In mammals, cone degeneration follows rod cell loss. We wondered whether a similar dynamic was detectable in the Xenopus retina. XOPNTR tadpoles were treated with Mtz for 1, 3, 5, 10, and 17 days. The total number and the percentage of TUNEL-positive rods and cones were determined at each time point. Rod transducin and cone calbindin were used to label photoreceptors because these markers are detected in both the outer segments and the somata of these respective cell types. No change in the number of rods or cones was observed in XOPNTR tadpoles during the first 3 days of Mtz treatment (rods: day 0, 21.6 ± 1.2 [n = 7] vs. day 3, 21.0 ± 0.6 [n = 3]; cones: day 0, 15.4 ± 0.9 [n = 7] vs. day 3, 15.0 ± 1.5 [n = 3]). Similar rod (20.6 ± 0.9; n = 7) and cone (15.9 ± 0.6; n = 7) numbers were detected in age-matched nontransgenic siblings. However, 93.7% of rods and only 6.7% of cones were TUNEL-positive on day 3. By day 5, rod cell loss was obvious, and by day 10, the few remaining rods (0.7 ± 0.7; n = 3) were all TUNEL-positive (Fig. 4A). Rod transducin was undetectable on day 17 of treatment. By comparison, the number of cones was unchanged through day 10 of treatment (compare day 0 [15.4 ± 0.9] with day 10 [16.3 ± 0.9]), and the percentage of TUNEL-positive cones remained relatively constant (Fig. 4A). No cone cell loss was detected until day 17 of treatment (Fig. 4A).
In mammalian model systems, cone outer segment loss precedes and is an indicator of pending cone cell death.2,28,29 Therefore, we also monitored cone outer segment loss in Mtz-treated XOPNTR tadpoles. A progressive reduction in the number of cones with outer segments was observed from day 0 (15.4 ± 0.9; n = 7) through day 10 (8.7 ± 4.3; n = 3), despite no apparent change in the total number of calbindin-positive cells (Fig. 4A). By day 17, approximately one-third of surviving cones had outer segments (n = 8; Fig. 4A). To determine whether more prolonged exposure to Mtz would result in more dramatic cone outer segment degeneration, we treated XOPNTR transgenics for 17 and 35 days and stained central retinal sections for calbindin. In contrast to retinas from 35-day controls (100% of the cones had outer segments) and 17-day Mtz-treated XOPNTR animals (38% of the cones had outer segments), the retinas of transgenics treated for 35 days lacked cone outer segments (Figs. 4B″ − 4C″; compare with calbindin-positive cells with outer segments: wild-type Mtz-treated, 20.5 ± 1.2 [n = 4]; XOPNTR untreated, 19.8 ± 0.6 [n = 5]; XOPNTR Mtz-treated, 0 [n = 4]). In addition, the retinas of Mtz-treated XOPNTR tadpoles lacked a distinct outer plexiform layer (OPL) compared with control retinas. Small patches of calbindin-positive cone somata were separated by acellular gaps in the ONL in the retinas of Mtz-treated XOPNTR tadpoles (Figs. 4C″, asterisks).
Together, these results suggest the rapid loss of rod photoreceptors followed by more gradual cone outer segment degeneration, and eventually cone cell death, in Mtz-treated XOPNTR tadpoles.

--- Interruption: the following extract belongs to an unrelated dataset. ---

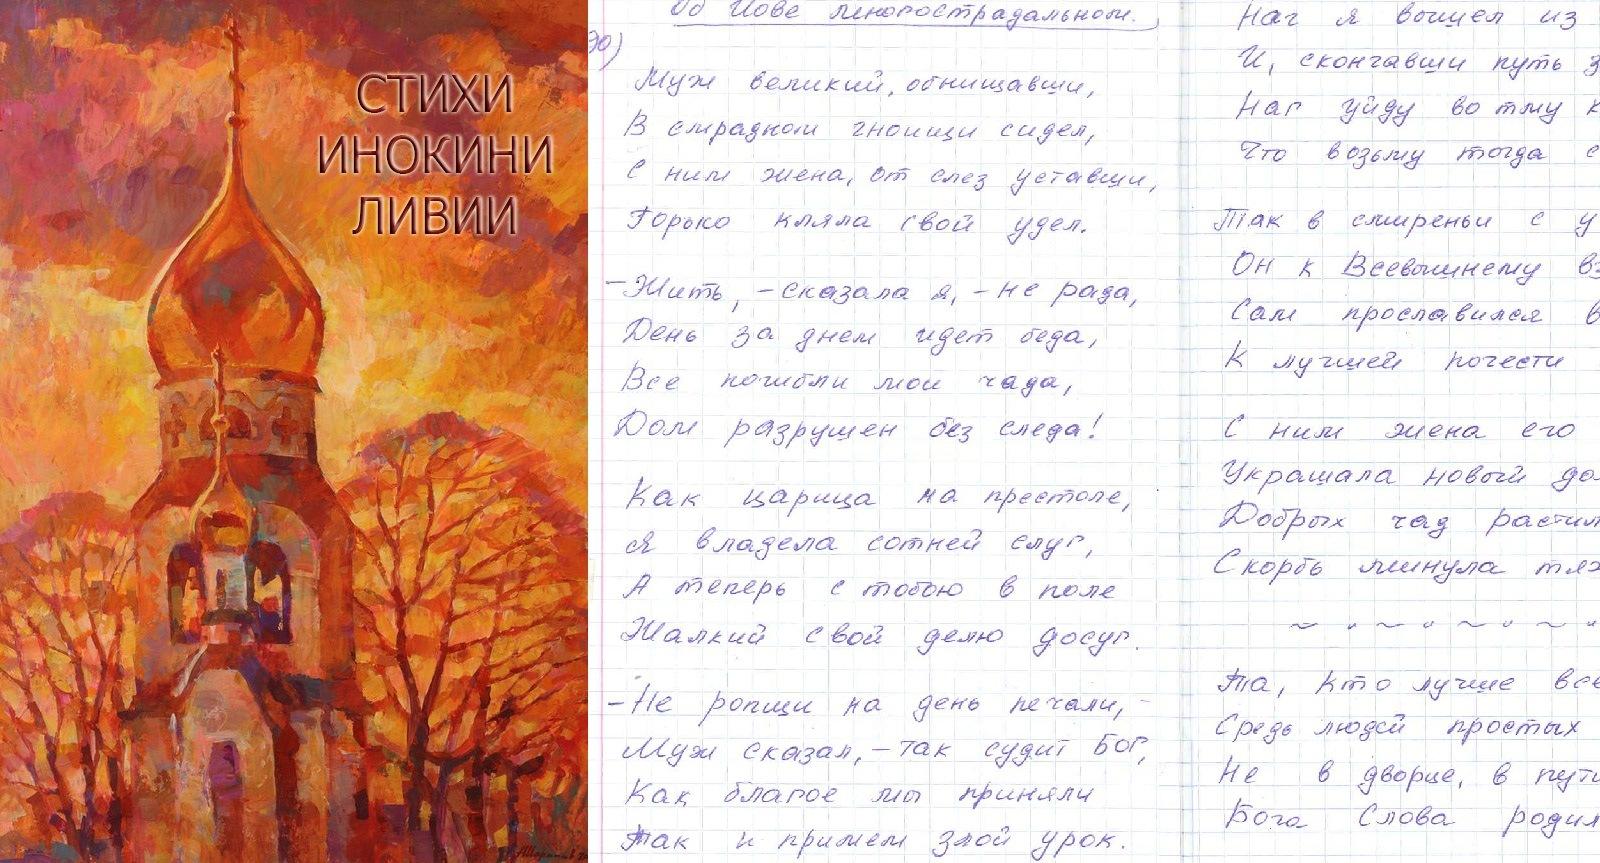 Inokinya_Liviya_Stikhi-head

In addition to cone loss, other secondary retinal changes follow rod photoreceptor death in all nonregenerative animal models. To determine whether this was also true in the rodless tadpole retina, stage 52 XOPNTR transgenics were cultured in Mtz for 17 days, and immunostaining for neuronal and glial markers was used to identify retinal cell classes. Markers used included islet-1 (retinal ganglion and a subset of inner nuclear layer cells), γ-aminobutyric acid (GABA; horizontal and GABAergic amacrine cells), calretinin (bipolar, GABAergic and serotonergic amacrine and a subset of retinal ganglion cells), R5 and vimentin (Müller glia), and calbindin.30–34 The number of cells stained for each marker was determined and compared with results from control untreated XOPNTR and Mtz-treated wild-type animals. Only the number of calbindin-positive cells (cones) differed significantly when the retinas from control and Mtz-treated XOPNTR animals were compared (Fig. 5A and Supplementary Fig. S1, http://www.iovs.org/lookup/suppl/doi:10.1167/iovs.10-5347/-/DCSupplemental).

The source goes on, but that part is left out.